Tuesday, July 19, 2011

Questions near the end

I saw him as I reached the top of the overpass. My mind registered “kid” and I knew I wasn’t going to give him anything. As I walked by I noticed he was older, old enough maybe to be on his own, and looked like he needed real help. I said “sawadee khrap” and he wai’d me, bending over at the waist. As I walked by I thought, “Okay, so I don’t give to kids because they’re part of rackets, or being taken advantage of by adults…but I can’t let that kid just sit there.” I was going to 7-11, so I got him a juice. I have a little rule of always getting something that costs more than what I’m getting myself, but it’s really meaningless and self-deceiving when you realize that 49 times out of 50 I buy myself food without getting anyone else anything at all. On my way back over I asked him if he wanted it and he nodded. As I reached the end of the overpass I peeked back and he was sucking away at the straw already. I turned down the stairs and broke to pieces inside. Why does he have to be there? Why can I do so little? And why do I fall apart now when this is happening all over the city every day?

At first glance I wondered why he was begging. He looked to be in his 30s, seemed to be eating plenty, why doesn’t he have a job? Then I noticed the deep indentation in his head, as big as a fist. Where did that come from? How does that happen to someone? Why are there so many people with such severe disabilities here? How will he have any other option than begging? The Catholic Church is doing impressive work with a couple quality education/work skills centers, but it’s like a drop in the bucket among the millions in Southeast Asia with serious disabilities. I gave him 40 baht, little more than a dollar, yet something I rarely do. As I dropped it in I saw only a few coins in the cup.

I always thought of him as the out-of-place looking guy in the church. Everyone else was so young, hip, westernized, while he was older, dressed different, walked stiffly. I thought he came from a different culture than many of the other members and from a lower social class. Only once did I ever talk to him, and very briefly at that. Then last week he walked over to us and gave us an umbrella. Why did he gift us like that? How are we of all people the ones who deserve a new umbrella? And how could he have possibly have known that my umbrella had just fallen apart the Tuesday before?
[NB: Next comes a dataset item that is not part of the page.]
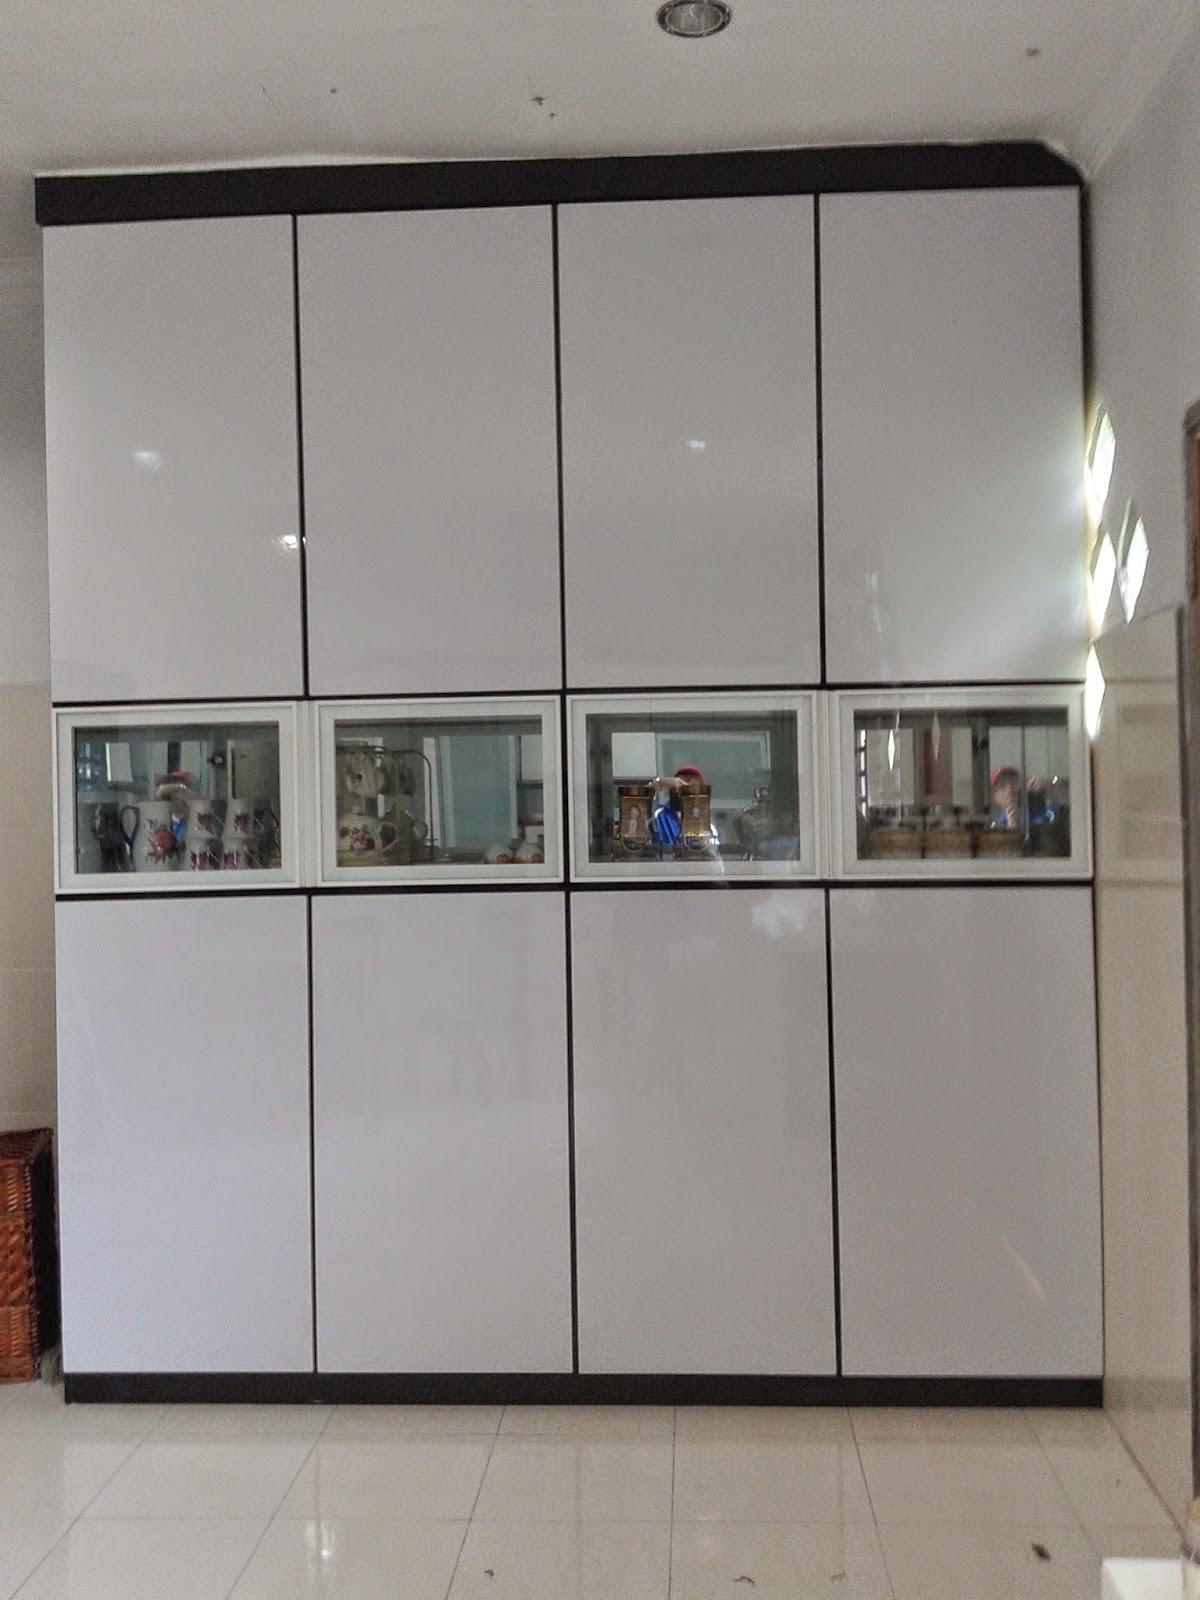 Bahagian Dalam Kabinet Ni Boleh Menyimpan Periok Alat Memasak Dan Carpet Rumah Kotak Bercermin Diletn Set Cawan Pinggan Mangkok Yang
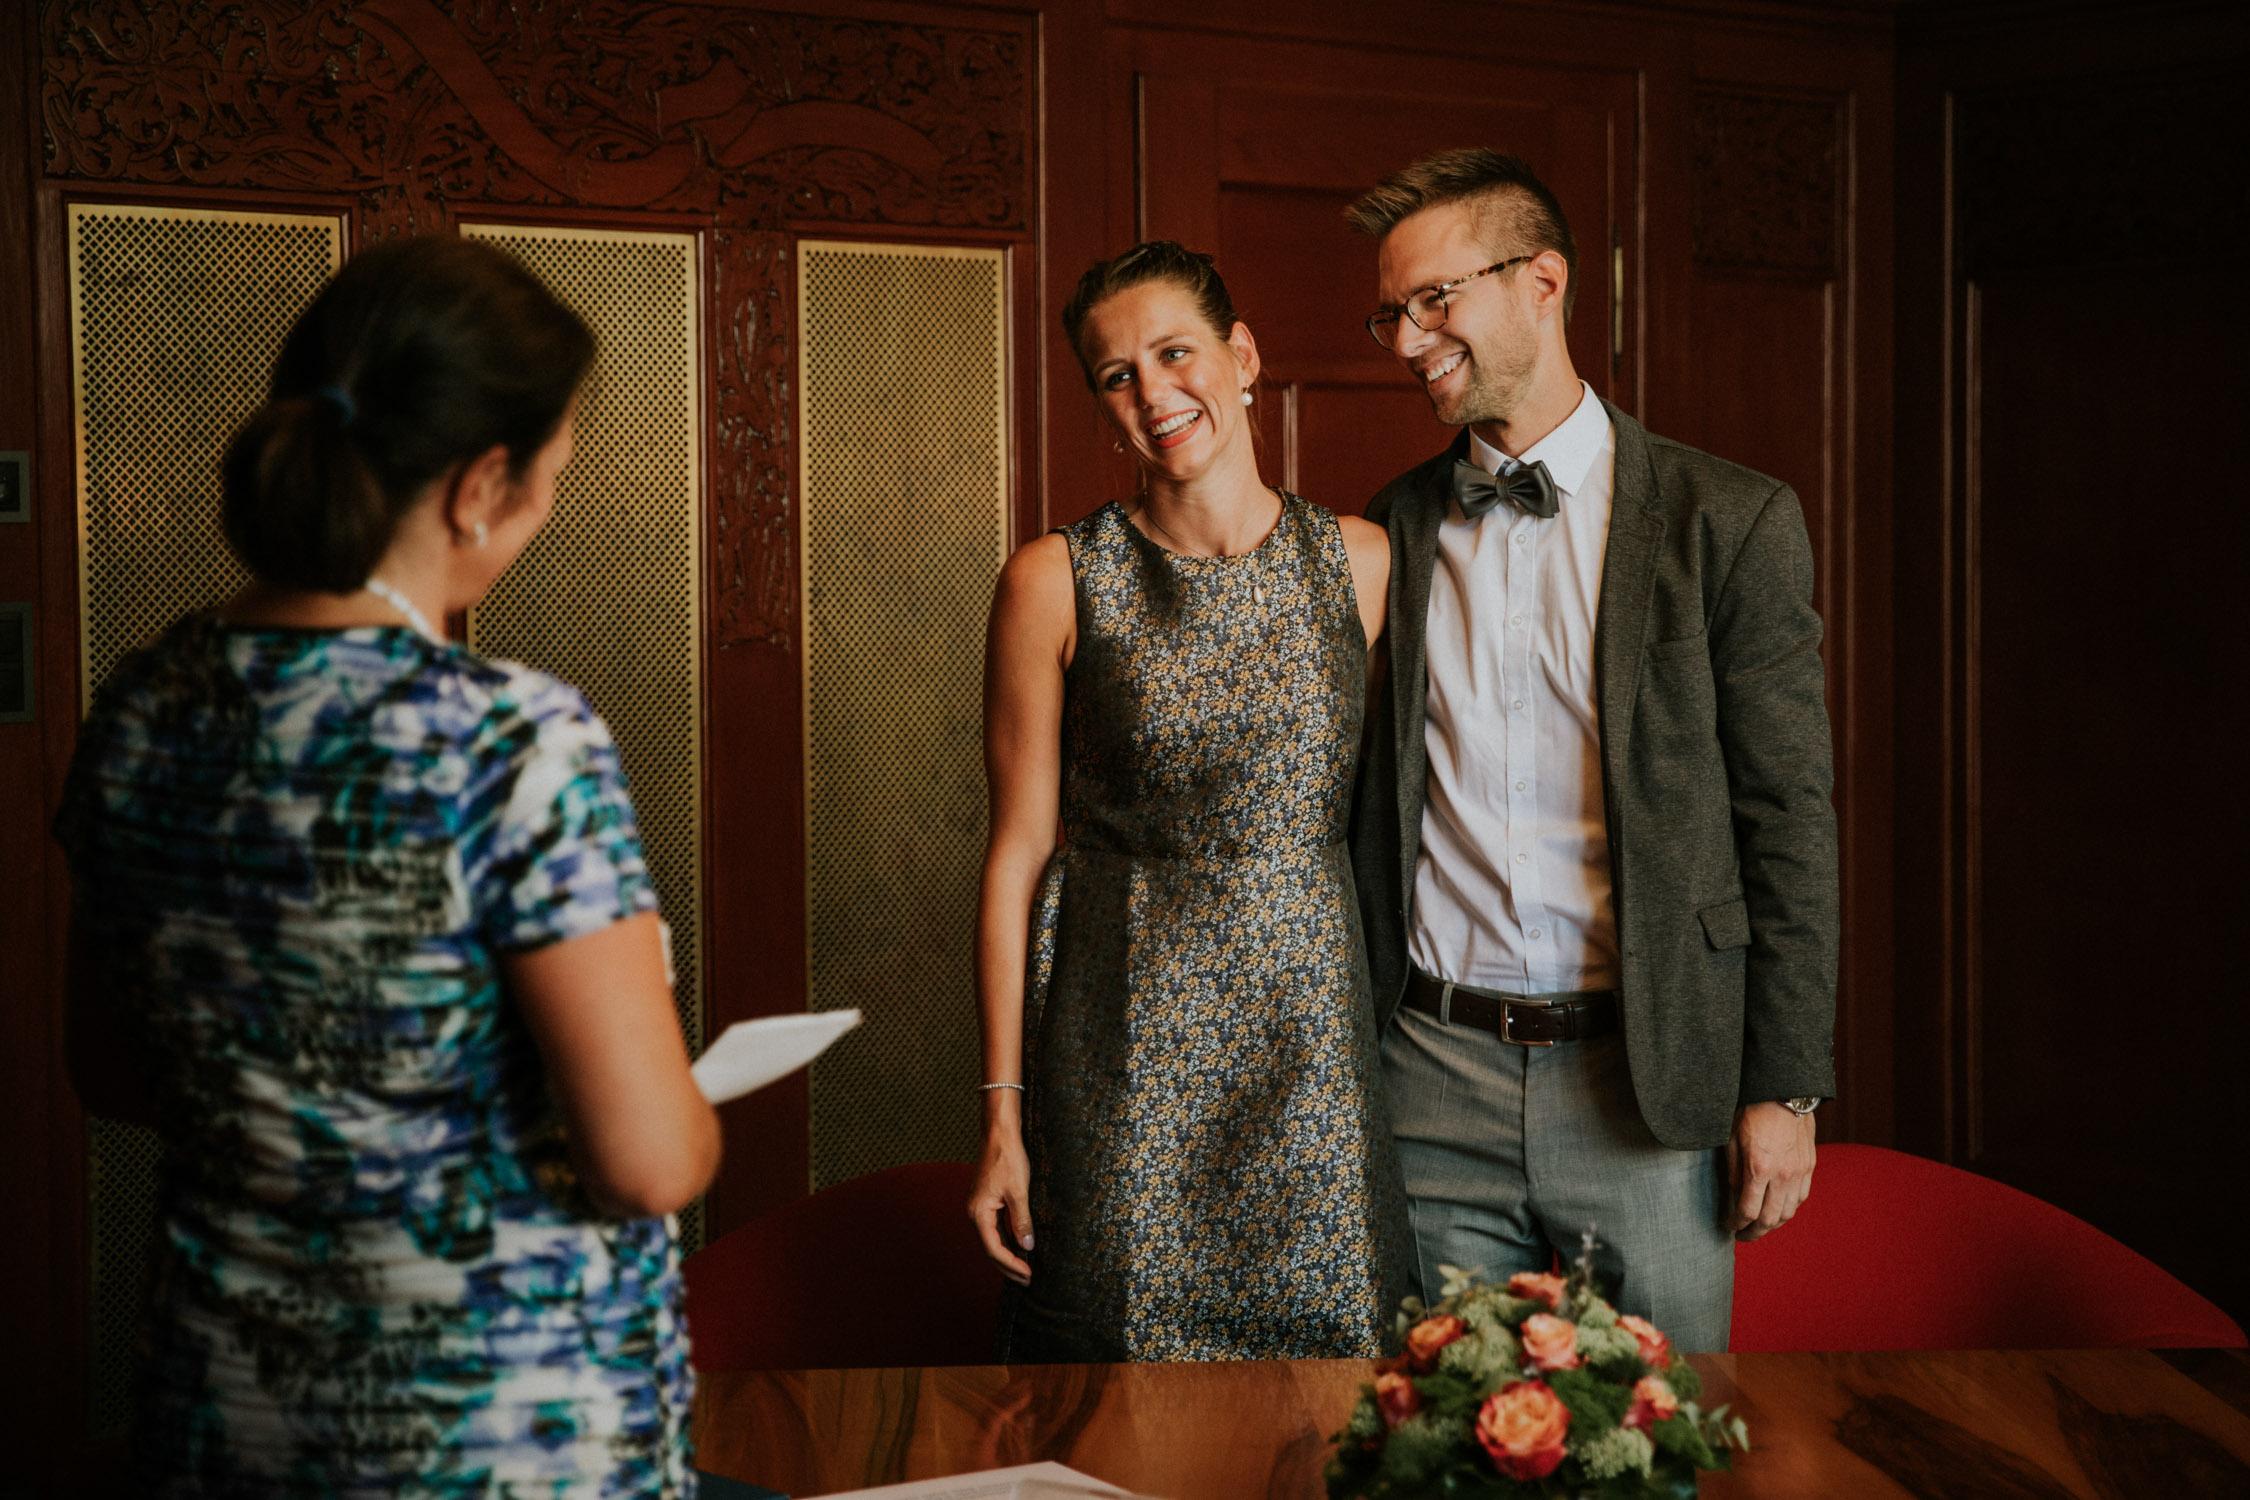 Zivile Trauung fotografiert von einer Hochzeitsfotografin im Standesamt Zürich

We went up and down the streets for the second time in three weeks. We walked by the park, checked the overpasses, combed the aisles of the 7-11’s. We talked to the kids who washed windows and even went down the red-light district that he eventually showed up in the last time this happened. After a couple hours we gave up. He’s only 11, but this isn’t close to being the first night he’s spent alone on the streets. We prayed against the predators, for food, shelter, and safety, and just asked that he’d make it through another night. I don’t know when this will end. Sometimes when you ask the same thing too many times the questions start to dry up.